Sales have mainly been due to Budget - older families, Mainstream - young singles/couples, and Mainstream retirees shoppers. We found that the high spend in chips for mainstream young singles/couples and retirees is due to there being more of them than other buyers. Mainstream, midage and young singles and couples are also more likely to pay more per packet of chips. This is indicative of impulse buying behaviour. We’ve also found that Mainstream young singles and couples are 23% more likely to purchase Tyrrells chips compared to the rest of the population.

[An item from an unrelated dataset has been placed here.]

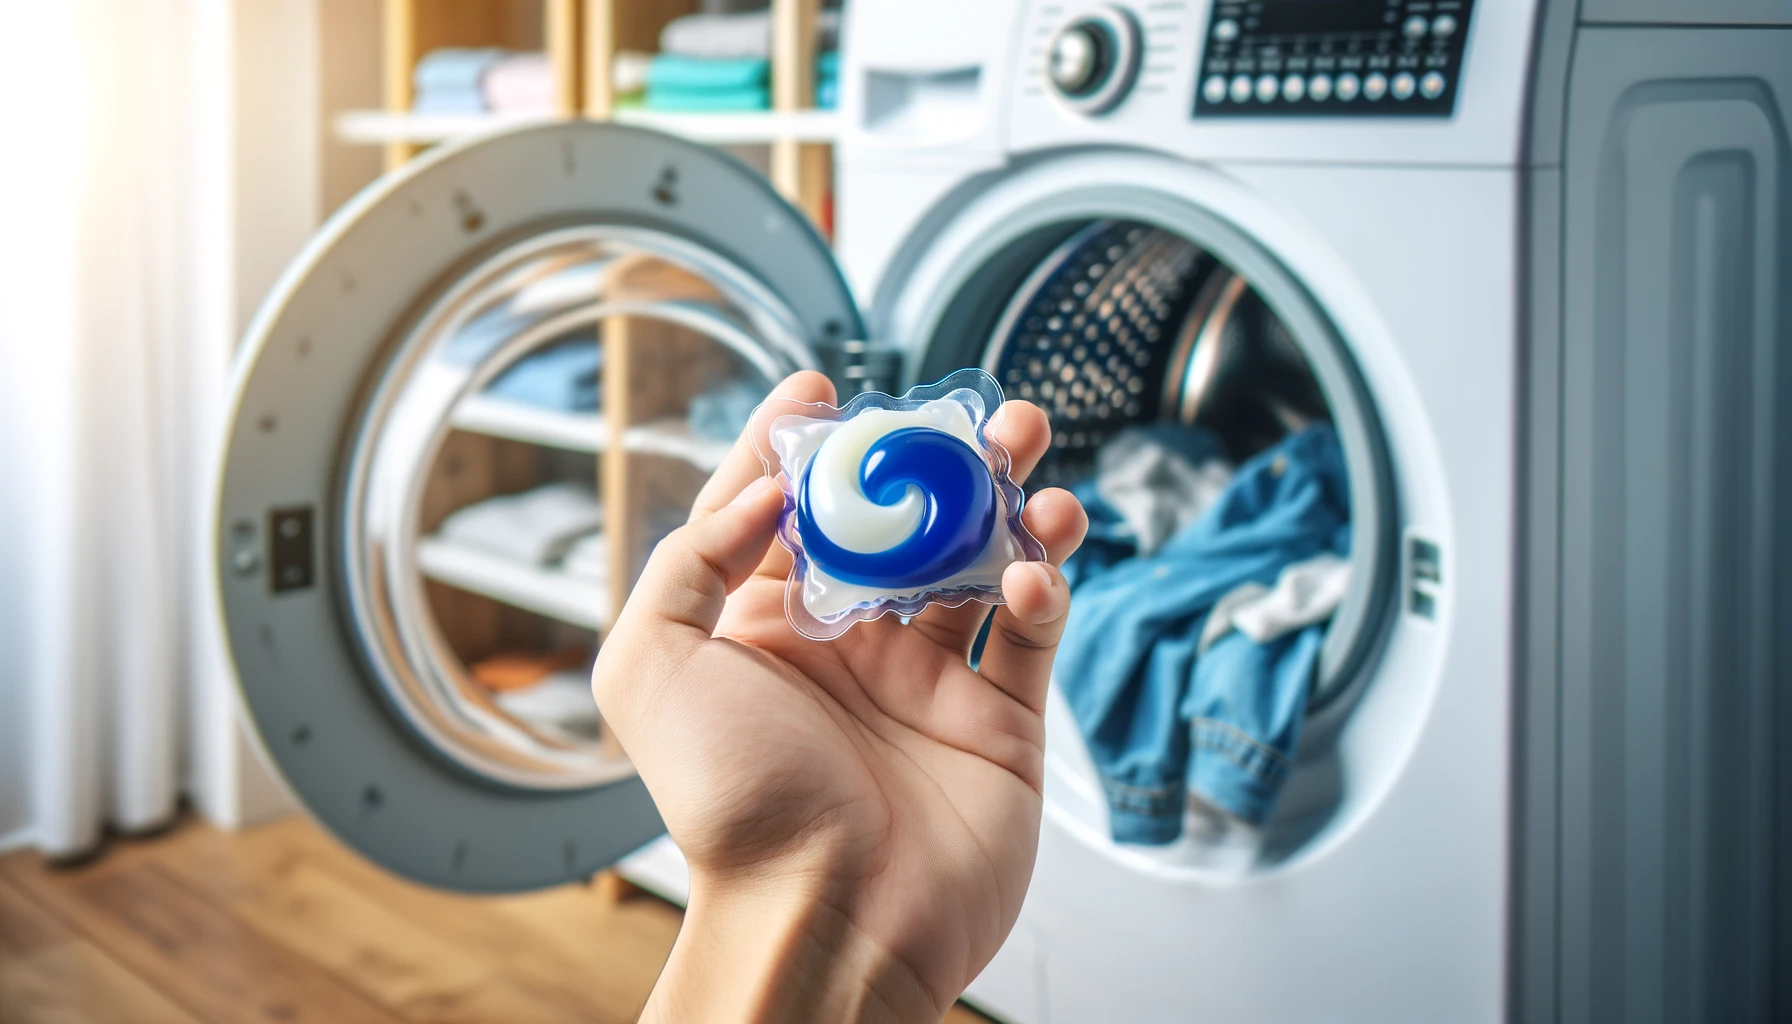 A hand holds a blue and white dishwasher pod in front of a blurry washing machine loaded with clothes.

The Category Manager may want to increase the category’s performance by off-locating some Tyrrells and smaller packs of chips in discretionary space near segments where young singles and couples frequent more often to increase visibilty and impulse behaviour.
Quantium can help the Category Manager with recommendations of where these segments are and further help them with measuring the impact of the changed placement. We’ll work on measuring the impact of trials in the next task and putting all these together in the third task.